Mas, já em outubro de  (três meses após a prisão), eu e outros


executivos presos em Curitiba entendíamos que deveríamos colaborar com a
Justiça. Nesse momento foi que começaram as manipulações internas, até
pela minha dificuldade de me comunicar estando preso. Assim, a informação
que me davam é a de que a empresa não estava pronta para um acordo.
Depois vim a descobrir que a informação que levavam para a empresa é a de
que quem não estava disposto a colaborar era eu.

Quais os interesses dessa desinformação?

Algumas pessoas da Odebrecht à frente das negociações com a força-tarefa


não desejavam assumir seus erros. Contudo, mais do que a postergação das
negociações com Curitiba, o que mais prejudicou a Odebrecht foi a maneira
como se conduziu o acordo com o Departamento de Justiça dos EUA.

Por que a Odebrecht precisava fechar acordo nos EUA?

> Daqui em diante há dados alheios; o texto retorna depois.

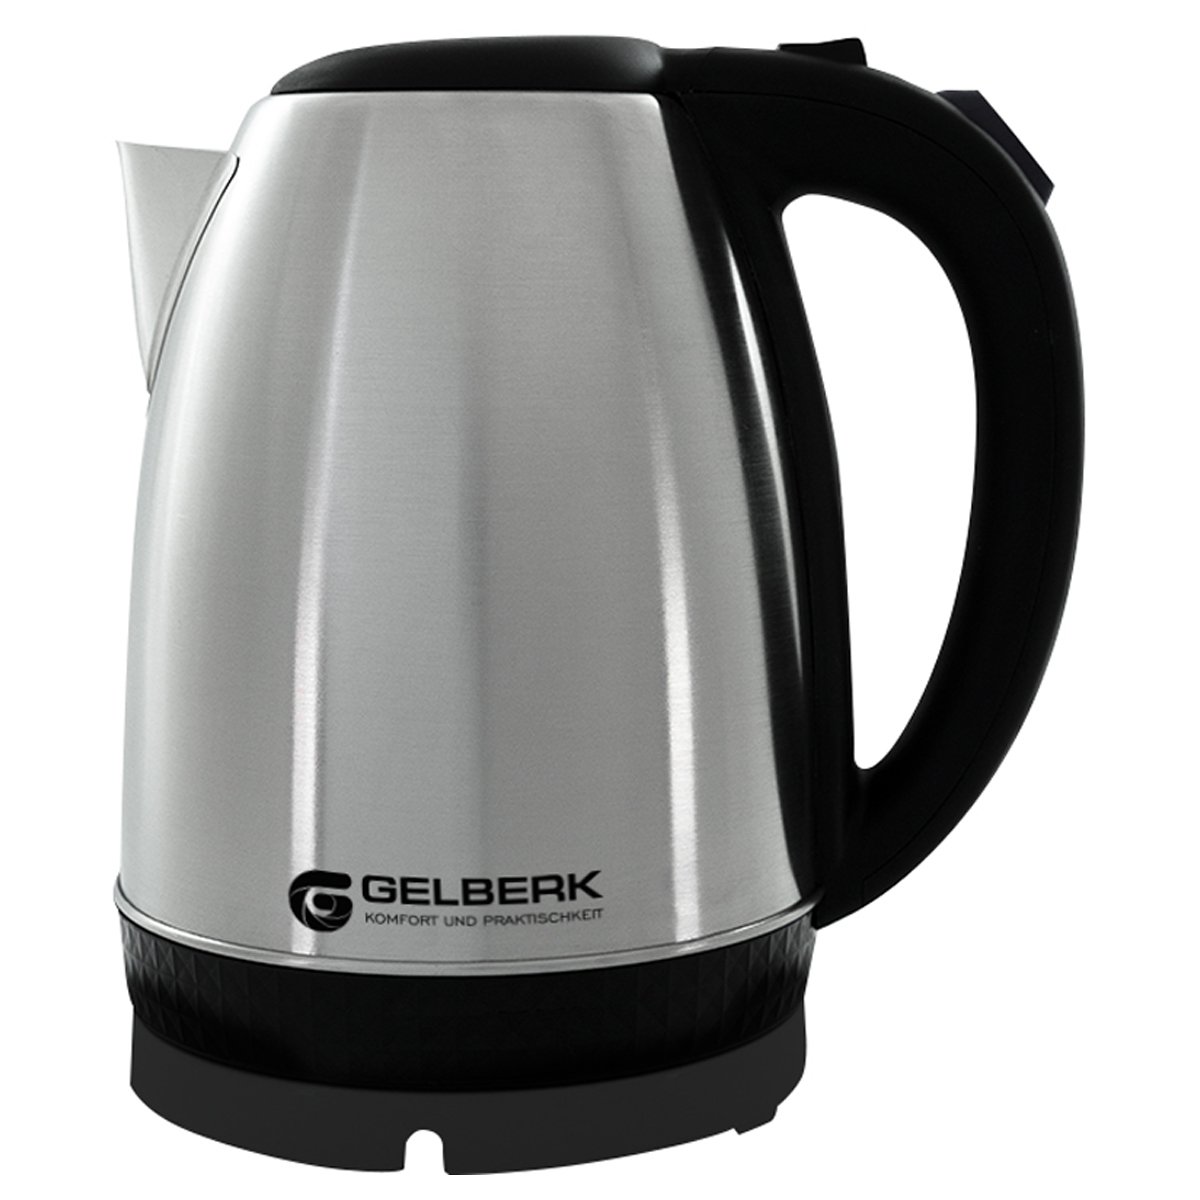 Чайник электрический Gelberk GL-451, 1,8л, 1500Вт, нержавеющая сталь, черный

Quando uma empresa que atua em vários países decide colaborar com a
Justiça, ela tem que conduzir um acordo global, conciliando o timing em
cada país. A partir do momento em que a Odebrecht decidiu fechar acordo
no Brasil, precisava colaborar também nos Estados Unidos, na Suíça, porque
uma parte dos pagamentos indevidos passaram por lá, mas também nos
demais países em que atuávamos: Peru, Panamá, República Dominicana,
Equador... Por isso, o negociado com a força-tarefa de Curitiba pressupunha
um sigilo em relação aos fatos no exterior.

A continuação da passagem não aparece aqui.